The moral of the Nortel story Add to ...

The acquittal of the three former executives of Nortel Networks Inc. who were charged with fraud is a victory for common sense. While Mr. Justice Frank Marrocco accepted the evidence of the prosecution’s own witnesses, he concluded that the successive interpretations of the company’s results were all justifiable and made in good faith.

The death throes of Nortel diminished the savings of a huge number of Canadians, but that would be no justification to punish as criminal offenders Frank Dunn, the former president, and two senior finance executives, Douglas Beatty and Michael Gollogly, who appear to have been attempting, according to their lights, to rescue the company.

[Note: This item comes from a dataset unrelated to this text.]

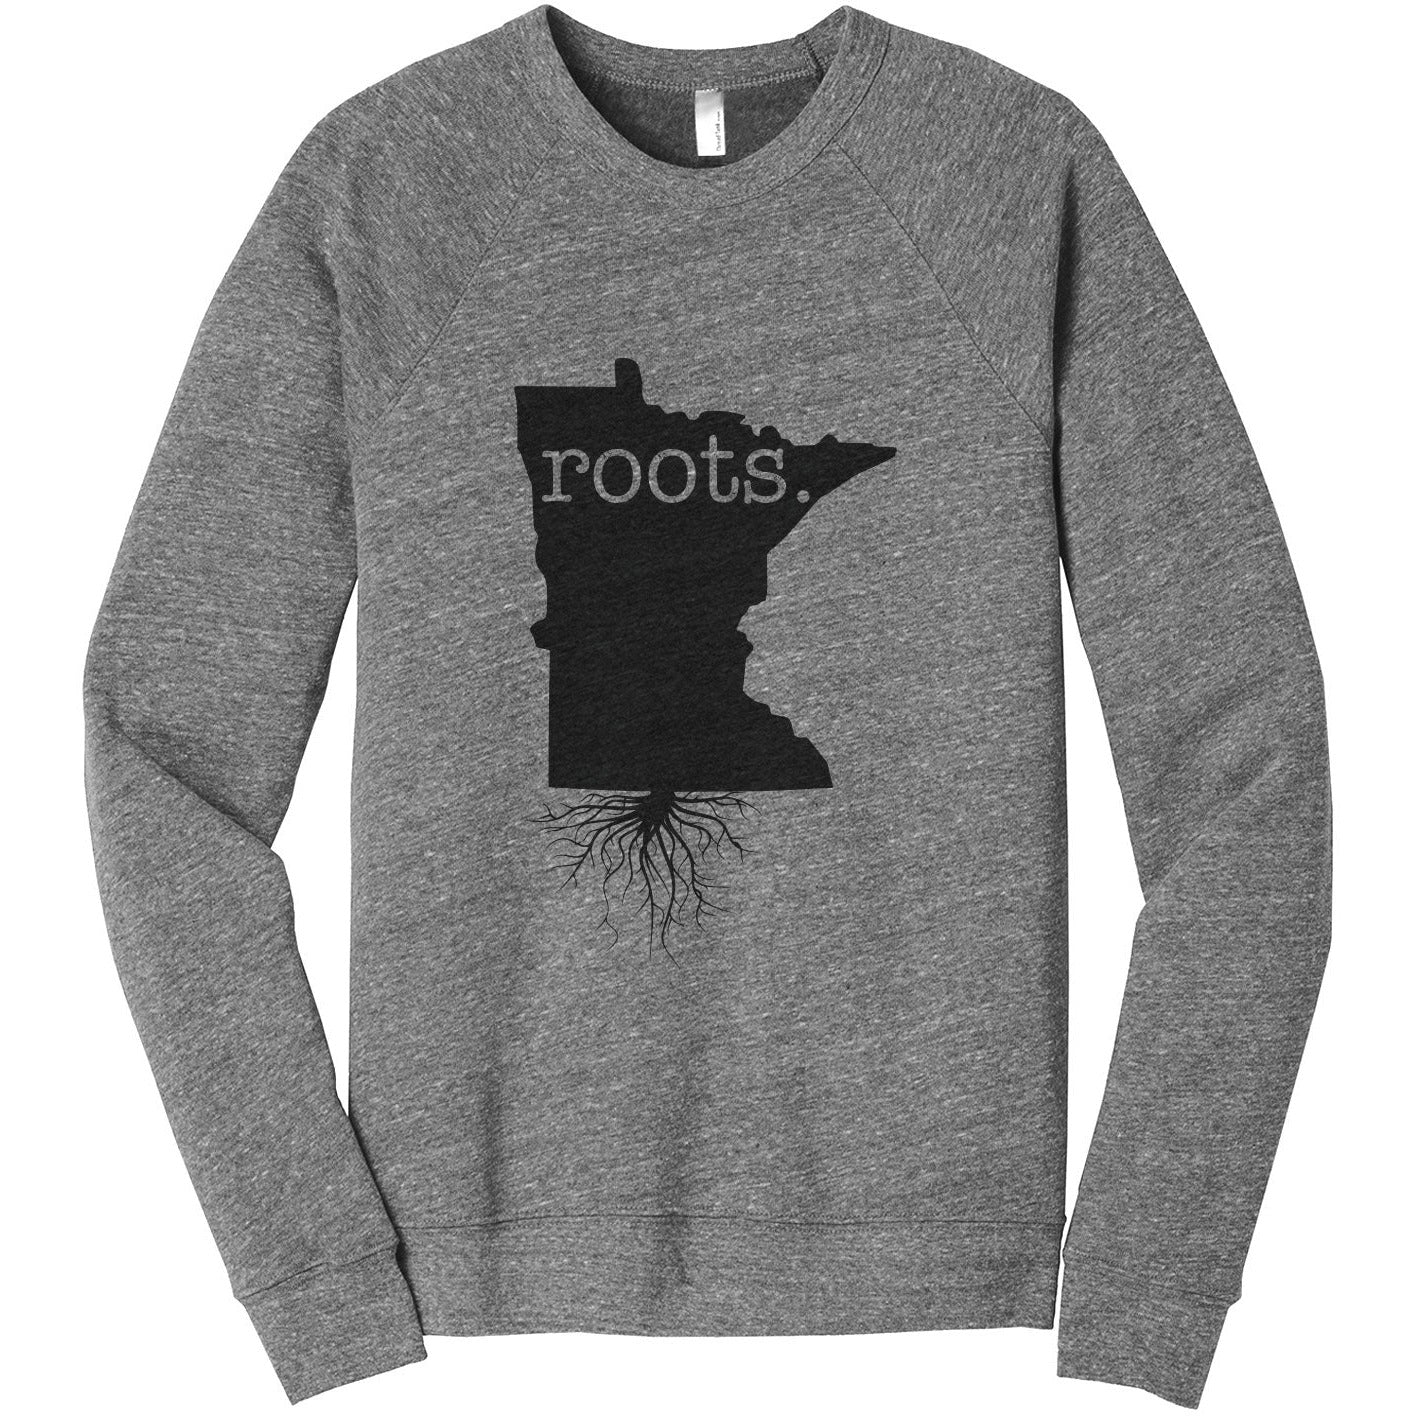 Roots State Minnesota - Stories You Can Wear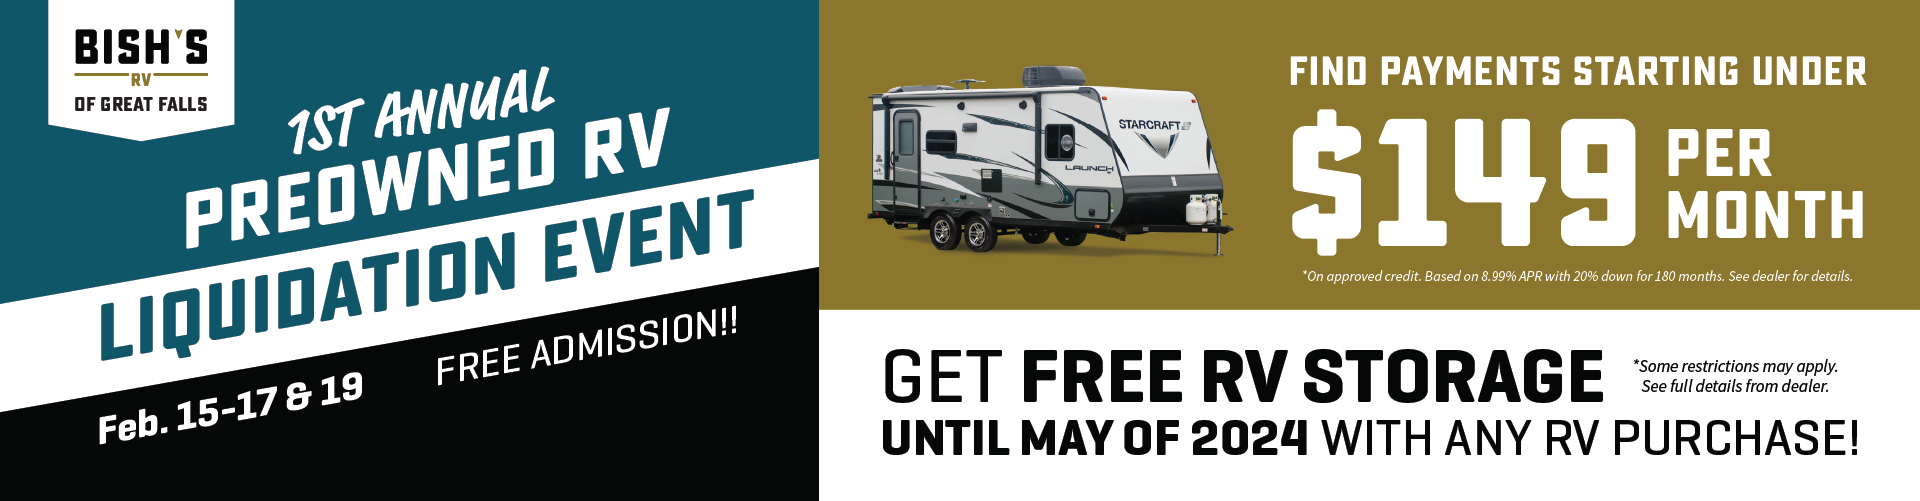 1st Annual Preowned RV Liquidation Event - Feb. 15-17 & 19, 2024 - Bish's RV of Great Falls - Find payments starting under $149 Per Month OAC

This was not a case of a set of alternative, hidden, realistic books of account, as in the prosecution of Garth Drabinsky, the former CEO of .Live Entertainment Corporation of Canada, Inc. On the contrary, the first revision of Nortel’s financial statements was a corrective response to “worst-case scenario” conservatism that had been acted upon when the company had to make huge writeoffs, which later turned out to be excessive. But that conservatism had been legitimate at the time.

The attribution of motives is a tricky matter. It is humanly understandable, but unwise (as well as ungenerous), to think that, if someone takes a course of action that increases his or her pay, the choice must have been self-interested. In the Nortel case, the more favourable results, under the company’s policy, did result in larger bonuses for the defendants. Indeed, Mr. Gollogly, the former controller, drafted a letter in which he wondered whether he should accept the bonus, while the company was still struggling, but he never sent it. If all three had passed up the bonuses to which they were entitled, they would have spared themselves a great deal of grief. A two-month review by a Washington, D.C., law firm inferred that all three had been manipulative; they were dismissed, which brought about a final loss of confidence in Nortel on the financial markets.

The nine-month trial, with hundreds of documents (the tip of an iceberg, from the 30 million pages in the hands of the RCMP), did not prove manipulation, let alone fraudulent motives. Mr. Justice Marrocco’s cautious, thorough 142-page review of the evidence is convincing. The moral of the story is that one should be slow to feel too sure of what goes on in other people’s heads.